第26話 やっと外に出られると思ったら
まわりで複数の生き物が動き回る気配がして、アマリリスは飛び上がった。
大きな獣の姿が、何頭も闇から溶け出してくる。
ピンと立った耳、ふさふさとした尾。
オオカミだ。
ファーベルは足跡しか見たことないって、、
アマロックがちらりとオオカミ達を見回した。
ぱたりと物音が止み、彼らはじっとアマリリスを見て立ち止まった。
――そう、アマロックはこの森にすむオオカミの群れのボスなのだ。
このオオカミたちが、仲間なのだろうか。
アマロックの視線がアマリリスに戻ってきた。
促されているような空気を感じて、アマリリスは慌てて答えた。
「道に、、迷っちゃったの、ファーベルと、森に来て、、」
声がうわずった。
「ほぉ」
「キトピロ、、だっけ?取るのに夢中になってて、はぐれて。。。」
もっと安心があっていいはずだった。
遭難しかかって(或いは完全に遭難して??)、ようやく人に、しかも知り合いに出会えたのだから。
なのに、何かおかしい。
アマロックは肩から掛けているポンチョのような布の下で腕を組んだまま、この森そのもののようにじっと黙っていた。

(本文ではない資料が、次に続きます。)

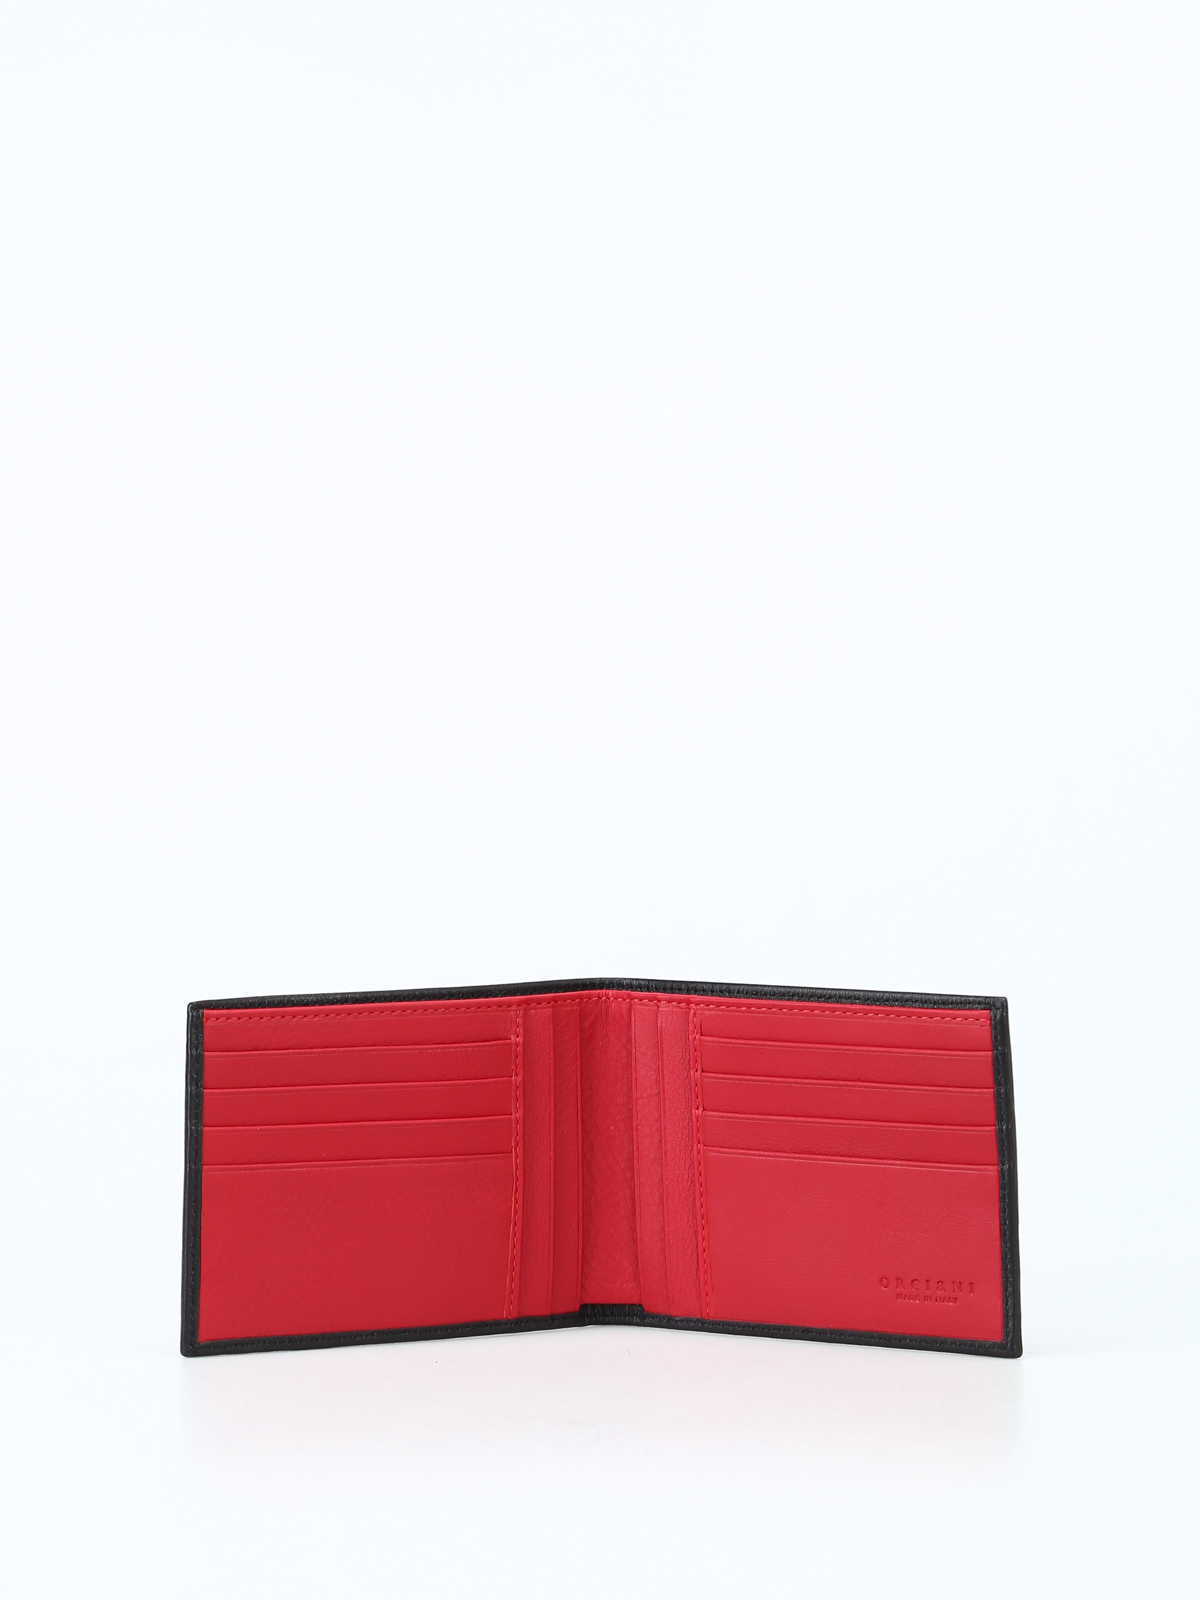 Black and red wallet

そうするともう、アマリリスには言葉が出てこなかった。
アマロックがゆらりと動いて、 ふたたび木の影になり、表情が見えなくなった。
そしてようやく魔族は口を開いた。
「それは、大変だったね
さぞかし心細かったろう」
言葉の意味とは裏腹に、その声には一片のいたわりも感じられなかった。
「でもね、アマリリス」
アマロックは言葉を続けた。
その声にはやっと感情らしきもの、しかしどこか、クスクス笑っているような調子を帯びていた。
「ばけものの森から、やっと外に出られると思ったら、そこは人食い鬼の巣で。
君を捕まえて食べようとしたら、どうする?」
心臓の中に氷の塊を押し込まれたような気分だった。
・・・そう、アマロックは「人」ではないのだ。
きゃぁきゃぁ笑うファーベルと、おどけるアマロック。
その姿を見たのはついこの間なのに、
いま目の前にいるのと同じアマロックのはずなのに、、、
“野生の獣なんだ“
クリプトメリア博士の言葉がよみがえる。
それから、何て言っていたっけ。。。